50 kilómetros cuadrados de silencio, ¡qué felicidad!

Y dicen, dicen, que por ahí pasa una falla que baja desde el casquete polar, cruza todo Canadá, todo Estados Unidos, baja por México sale a las islas Revillagigedo, atraviesa de nuevo nuestro humilde cuerno de la abundancia y se va a vacacionar al Caribe, al célebre Triángulo de las Bermudas. El sueño de un mojado de cuarenta y tantos.

Fotografía por Jordi Marcé

Fotografía por Jordi Marcé

 Como yo.

Como yo, como un río que siempre está seco pero cuando llueve inunda. La Zona del Silencio no registra casi precipitaciones pero cuando lo hace inundan todo el Valle. Y como yo, habitamos pumas, coyotes, jaguares, gatos monteses, venados, mapaches, liebres, correcaminos y tortugas de desierto, ah, y arañas. Y como yo, hace 60 millones de años éramos lecho marino, éramos el Mar de Tetis, y peces nadan encima de nosotros. Nosotros, La Zona del Silencio.

Somos tierra de olvido.

En nuestra planicie se pierde todo, si bien, yo persona, yo Pablo nací en el Bajío, esa frontera del norte con el sur, mis pesadillas las reina la selva, mis paraísos el desierto. Y es que siempre traigo un desierto en la cartera para sacar y enseñar como un retrato familiar. En nuestra tierra se pierde todo como ese cohete gringo de la NASA que en 1970 se estrelló a unos 6 kilómetros del rancho de San Ignacio en plena Zona del Silencio, presuntamente por un problema técnico para que luego extranjeros trajeran equipo y hasta introdujeran vías de ferrocarril desde la Estación Carrillo, Chihuahua. Que según para rescatar Uranio del cohete, pero era Uranio de la tierra, de nosotros, la gente que vive por ahí dice que se llevaron piedras, plantas y animales, un saqueo. ¿Y la Revolución?
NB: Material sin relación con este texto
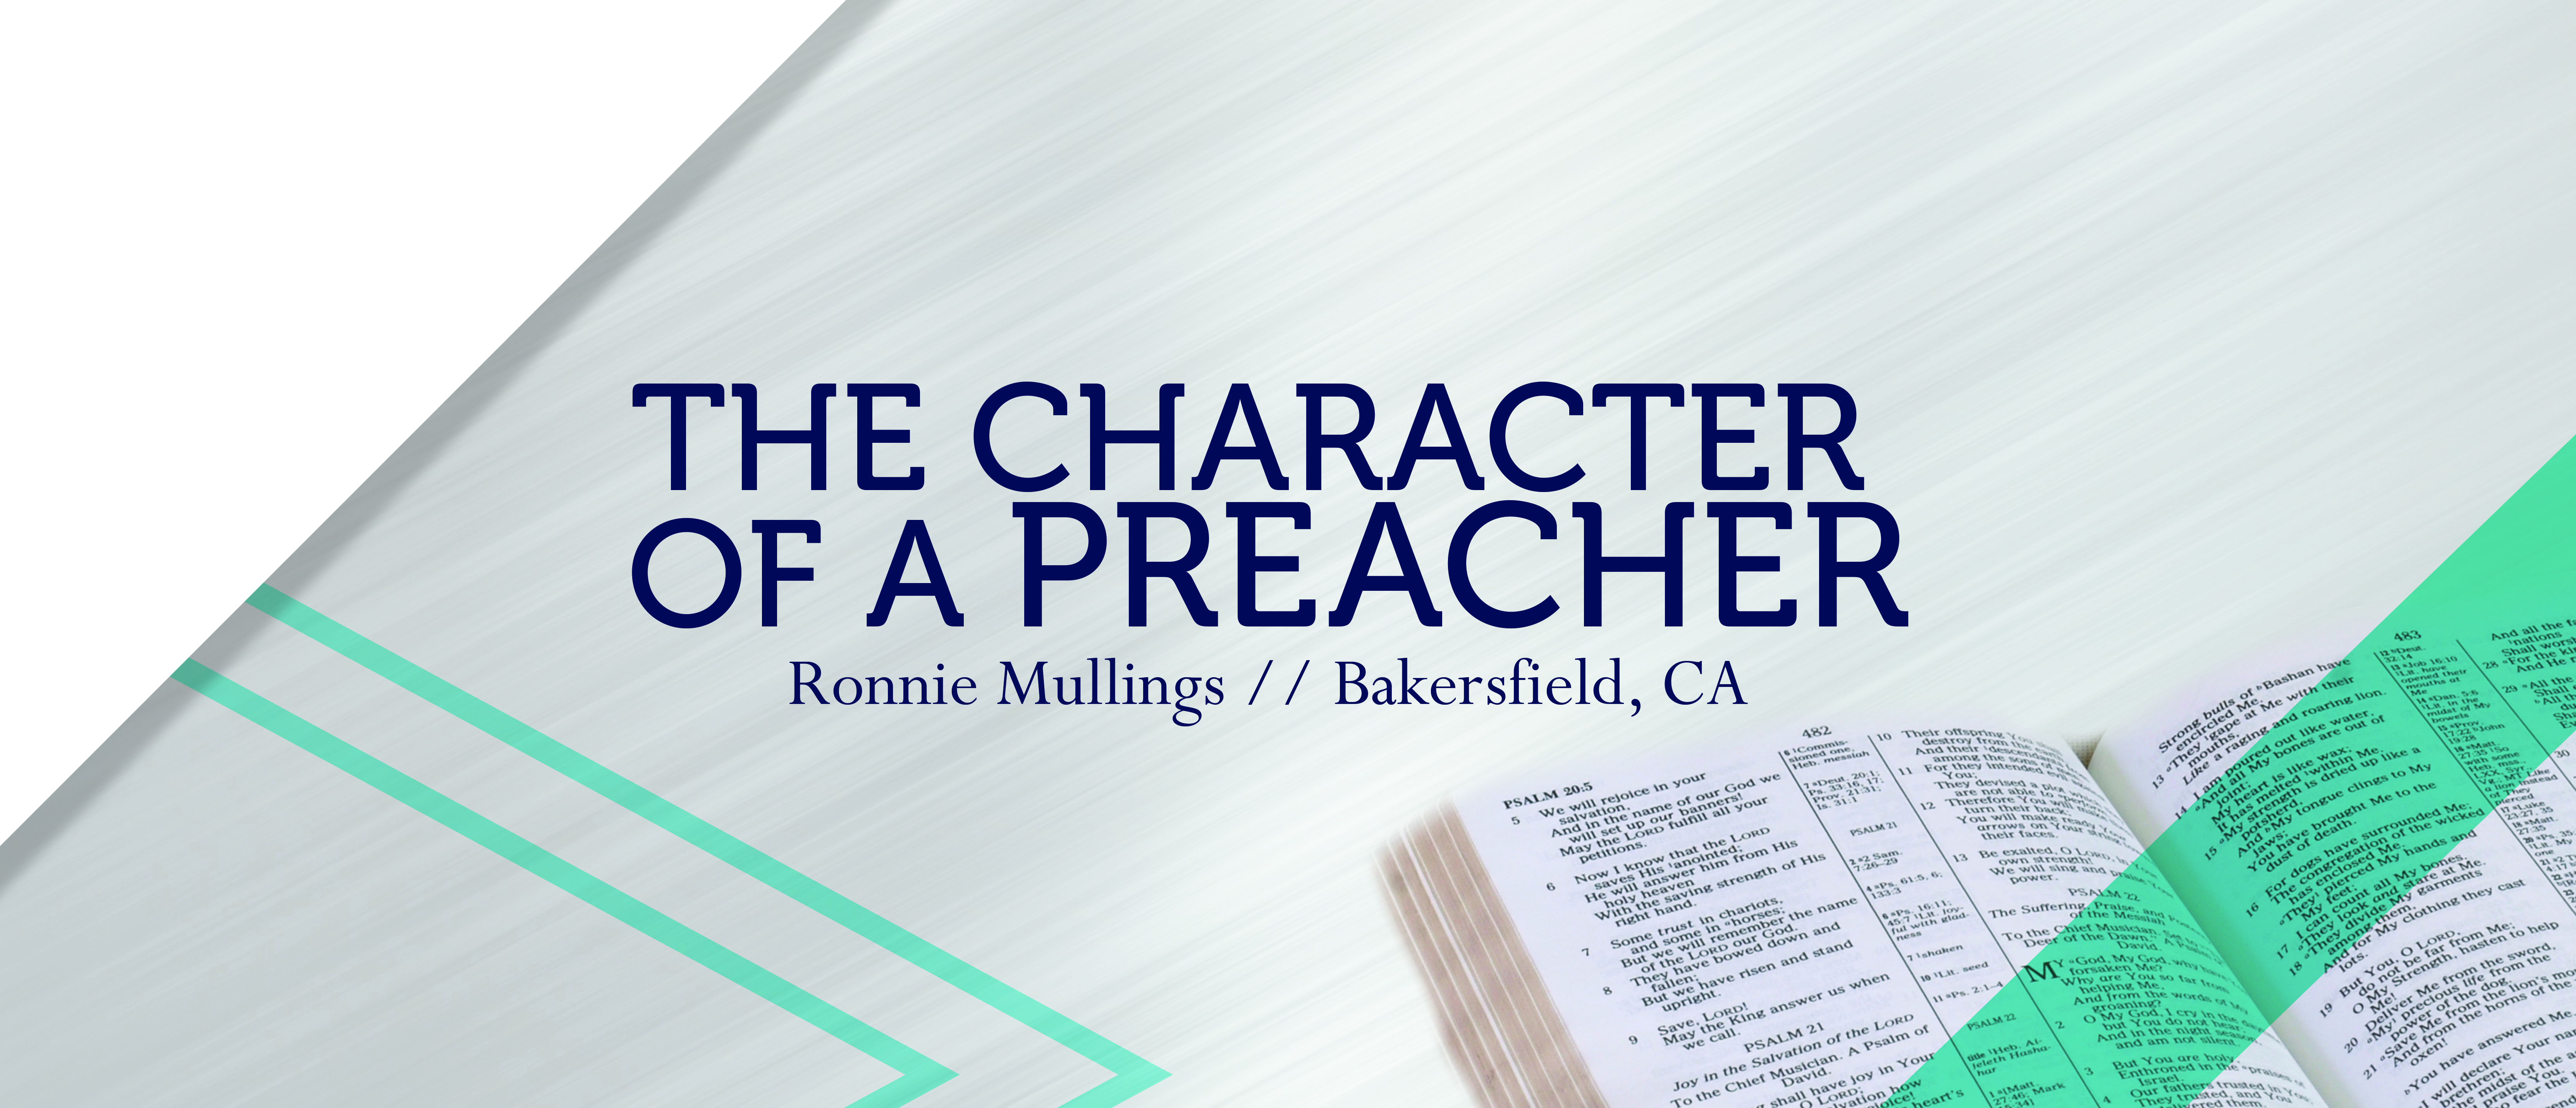 The Character of A Preacher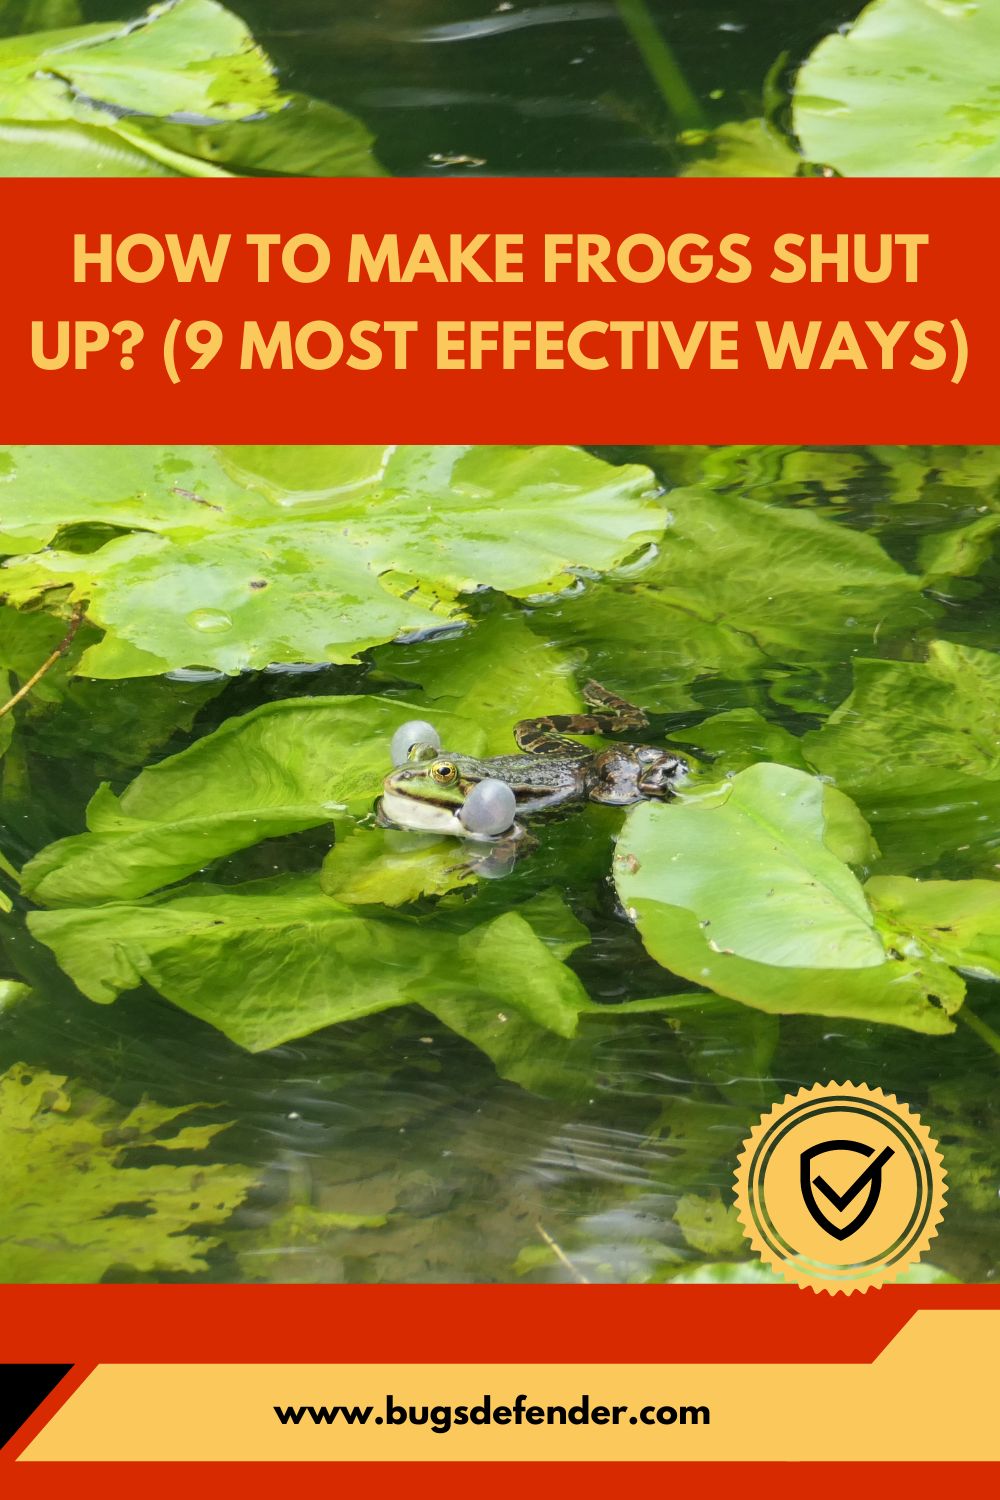 How To Make Frogs Shut Up? (9 Most Effective Ways) pin1

En nuestra tierra no sirven las brújulas.

Nuestro interior, nuestro corazón está protegido por la ONU, como yo, sufrimos saqueos y hurtos válidos de unos juicios de Núremberg en La Flor, Durango. “Cuando estábamos chiquillos abríamos la puerta para que la gente pasara, nos daban un peso y de regreso otro peso. Cuando la gente salía veíamos en su camioneta que iban cargados de tortugas, cactáceas, piedras, todo lo que encontraban se llevaban. Yo no le di el valor hasta ahorita que estoy rescatando lo poquito que nos queda”, cuenta Sergio de 42 años, bajo 40 grados de calor y oleadas de polvo. ¿Y la Revolución? Un saqueo, dice Sergio, un “pinche saqueo”. En nuestro corazón no sirven las brújulas. Aquí en “Zona del Silencio” no tenemos norte, puro polvo. Dicen, que acá, en Zona del Silencio las brújulas apuntan para donde se les plazca, la mía se mueve dependiendo donde se halle aquella. La que juzgará a los nazis y creará un Estado de Israel, y un Estado Palestino porque no soy tan ‘ojeis’ como la ONU.

Vivimos entre paisajes de Ray Bradbury. Piedras rojizas y panoramas melancólicos abundan en nuestra comarca y me hace pensar si en verdad este paraíso desértico algún día fue azul y cubierto por agua. Si estas piedras secas en un pasado milenario fueron guijarros y peces nadaban sobre ellas. Uno tiene que creer en algo, hasta en la Ciencia, si no ¿en qué?

Somos la Zona del Silencio.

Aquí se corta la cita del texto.